Vibronic dynamics and electron spin relaxation of Cu(formate)4(H2O)2 complexes in dibarium zinc formate tetrahydrate, Ba2Zn(HCOO)6·4H2O single crystals

Abstract

Continuous wave and pulsed X-band electron paramagnetic resonance experiments have been performed for Cu2+ ions substituting Zn(II) in Ba2Zn(HCOO)6·4H2O single crystals in the temperature range 4.2–300 K. Spin-Hamiltonian parameters of octahedral Cu(HCOO)2(H2O)2 complexes at the rigid lattice limit (below 77 K) are the following: g z = 2.405, g y = 2.095, g x = 2.065, A z = 130, A y = 4, and A x = 11 × 10−4 cm−1. The parameters along the y and z-axes display vibronic averaging effects on heating which allows evaluation of the energy difference δ12 = 347 cm−1 between the two lowest energy Jahn–Teller distorted configurations.
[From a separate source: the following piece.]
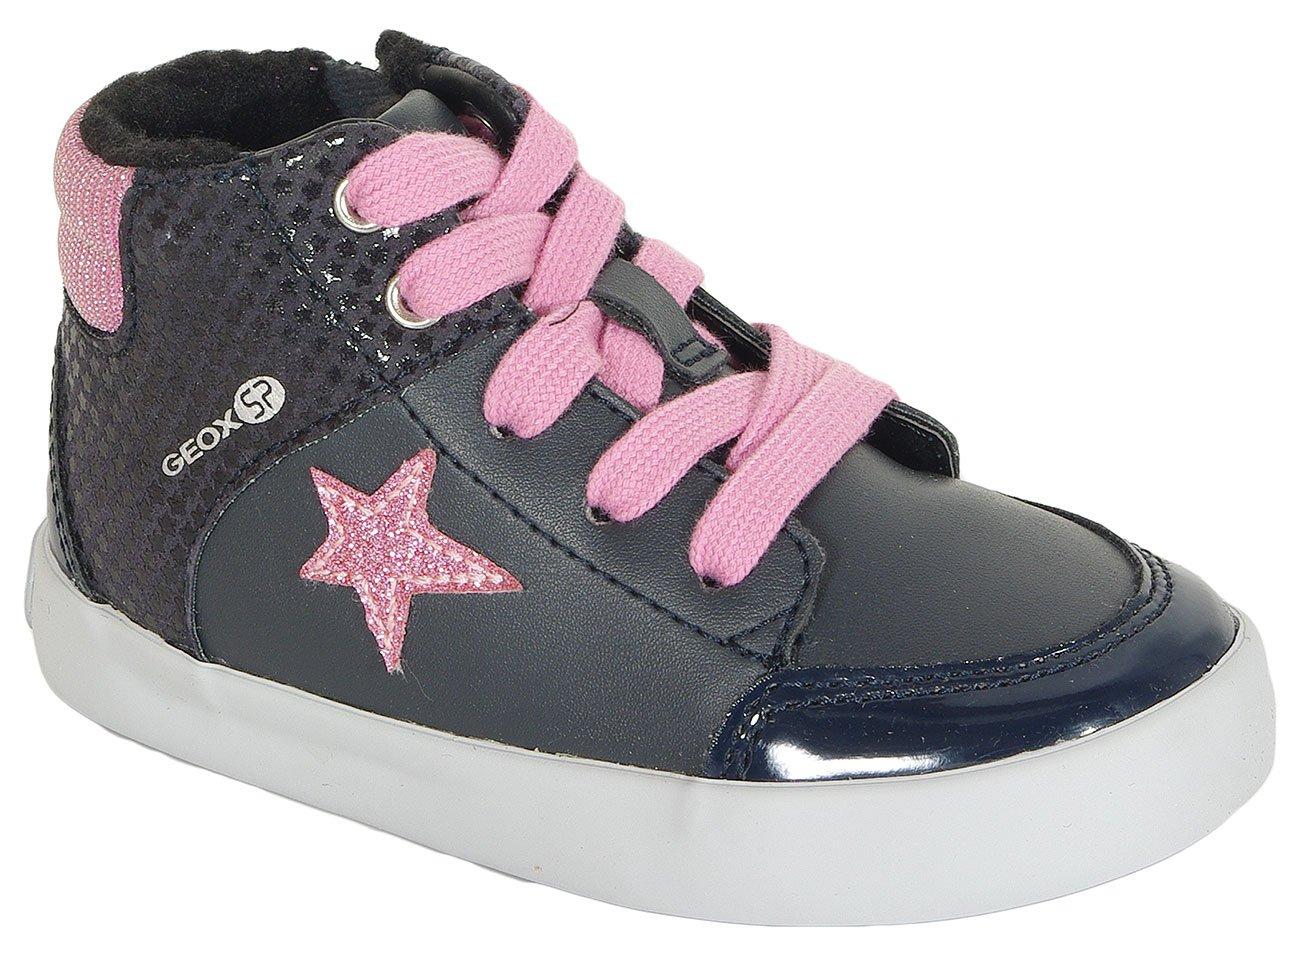 GEOX Gisli A sneakers GBK+suede navy/dk pink
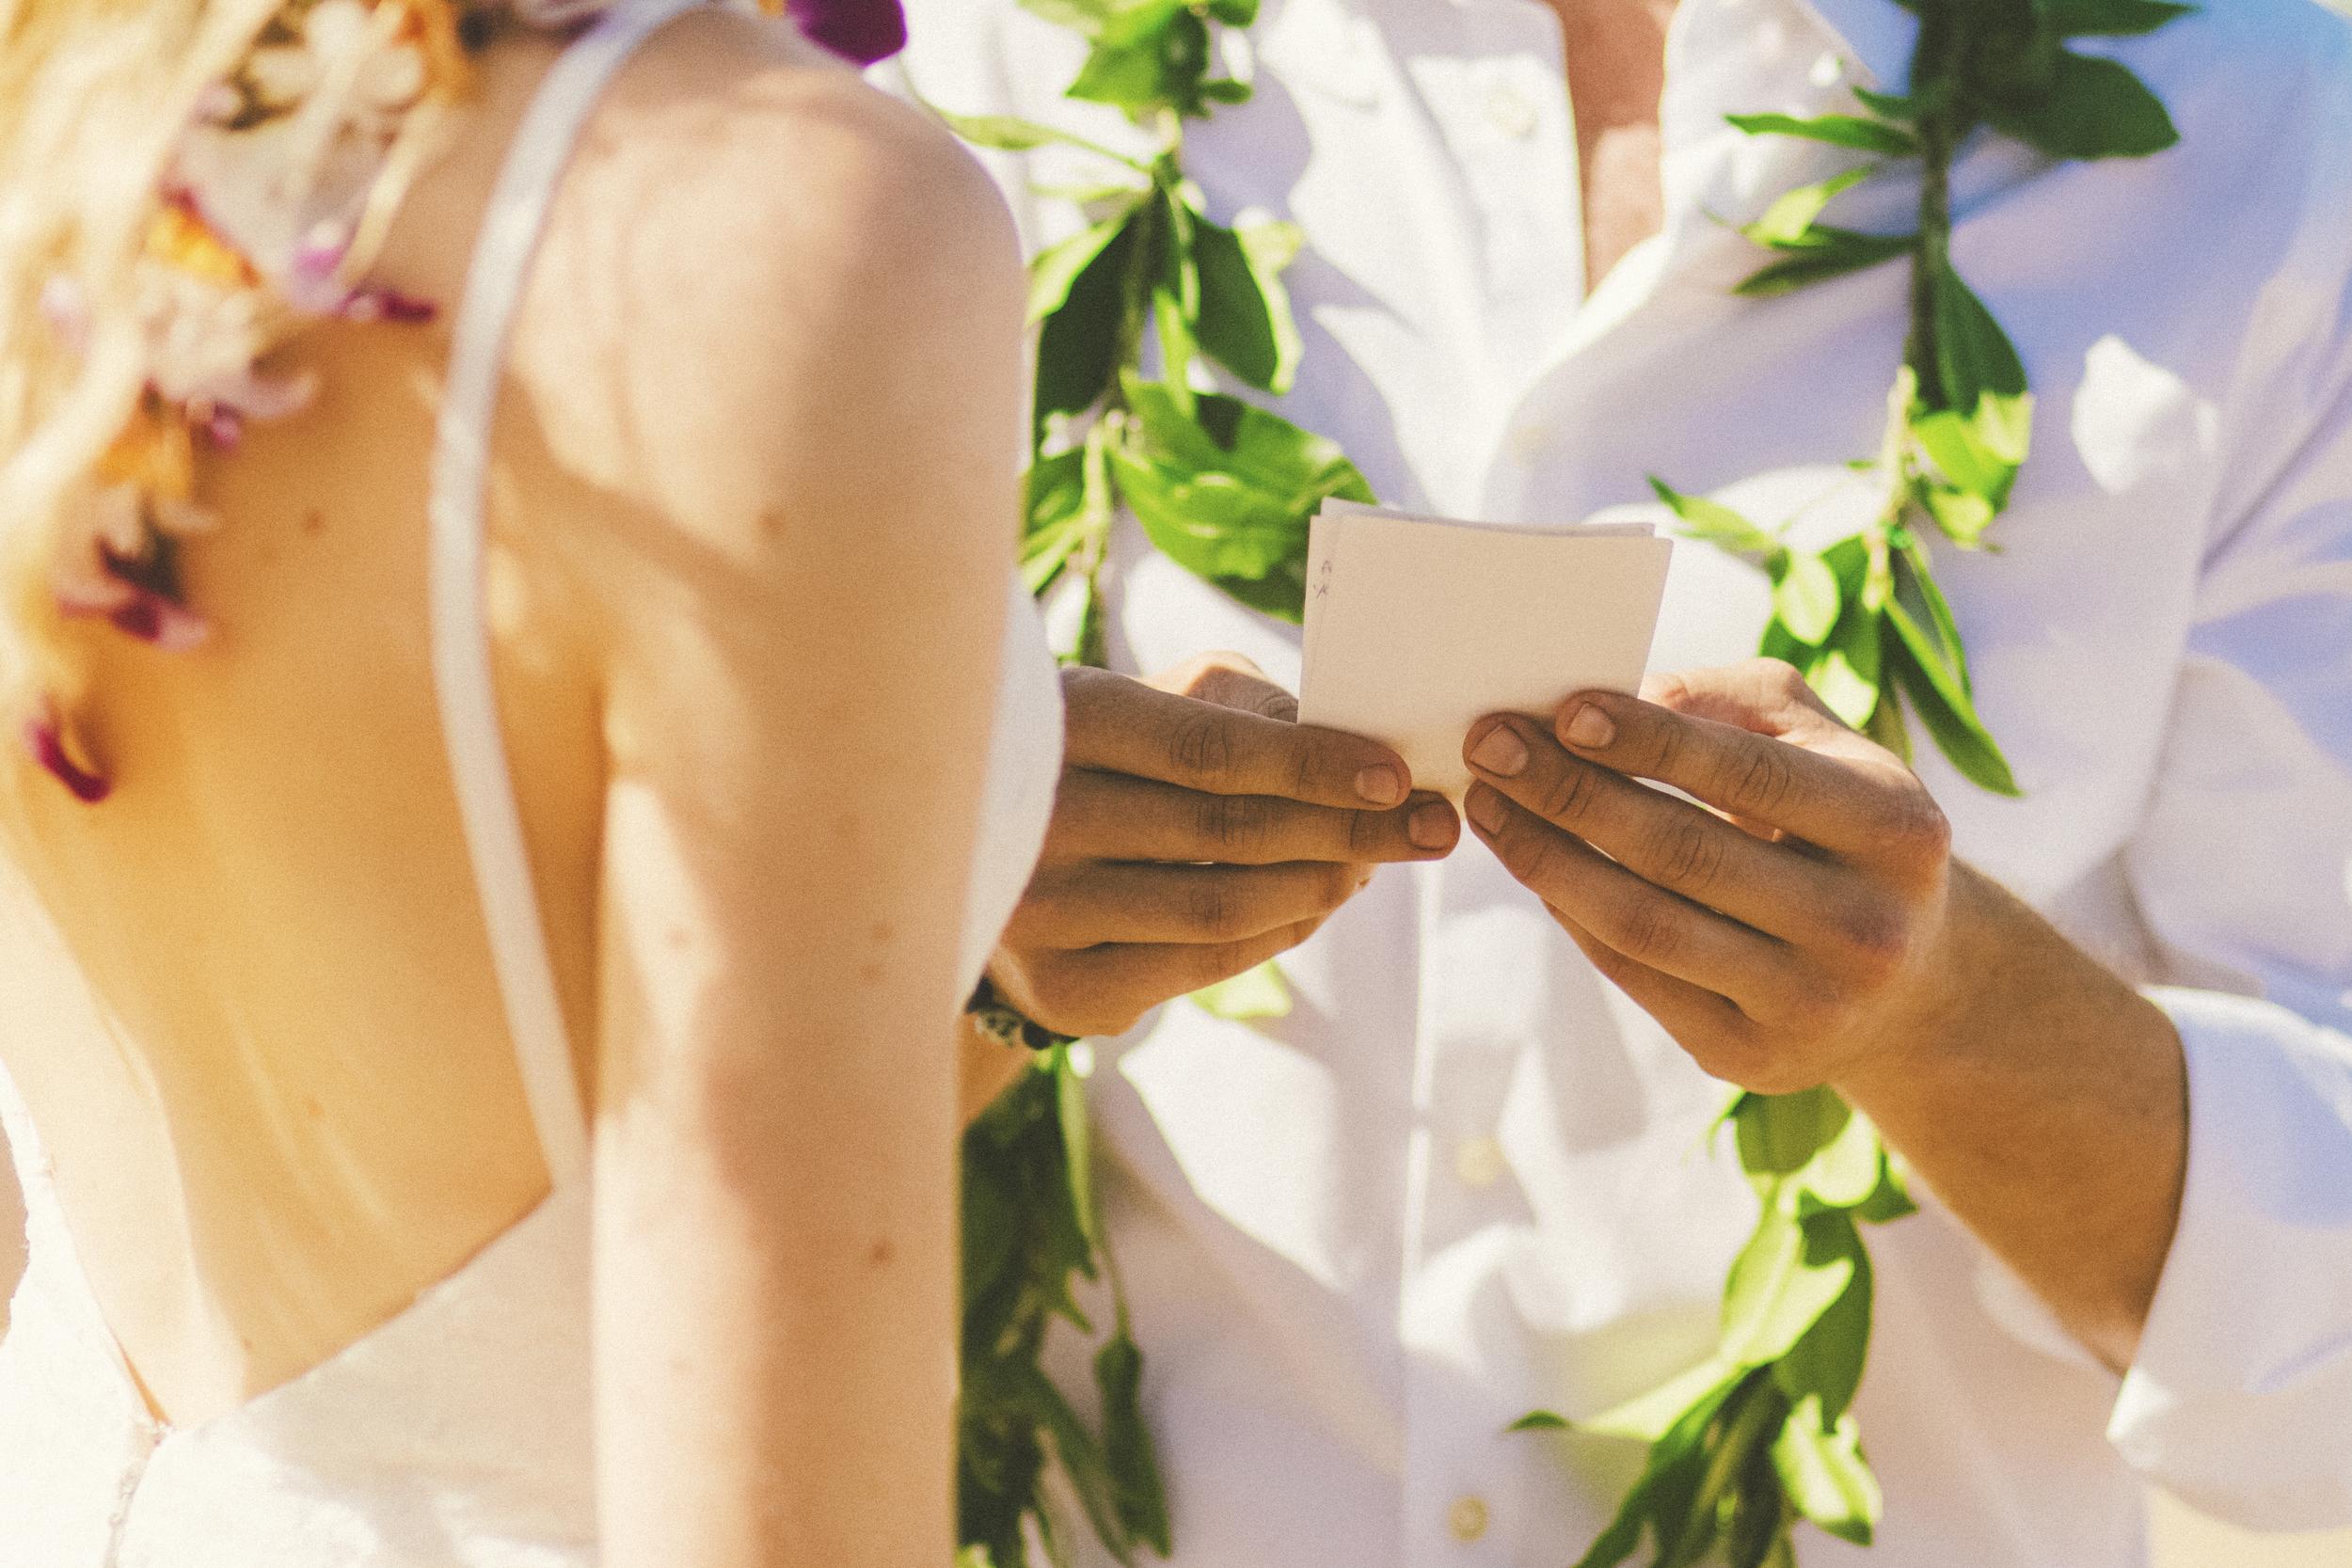 angie-diaz-photography-maui-wedding-52.jpg

The electron spin-lattice relaxation is governed by Raman processes and the Debye temperature has been determined as Θ D = 204 K. The electron spin echo amplitude decay is determined by instantaneous diffusion below 10 K and then the dephasing rate weakly increases on heating because of libration motions of Cu2+ complexes and/or excitations to the first excited vibronic level of energy Δ = 63 cm−1.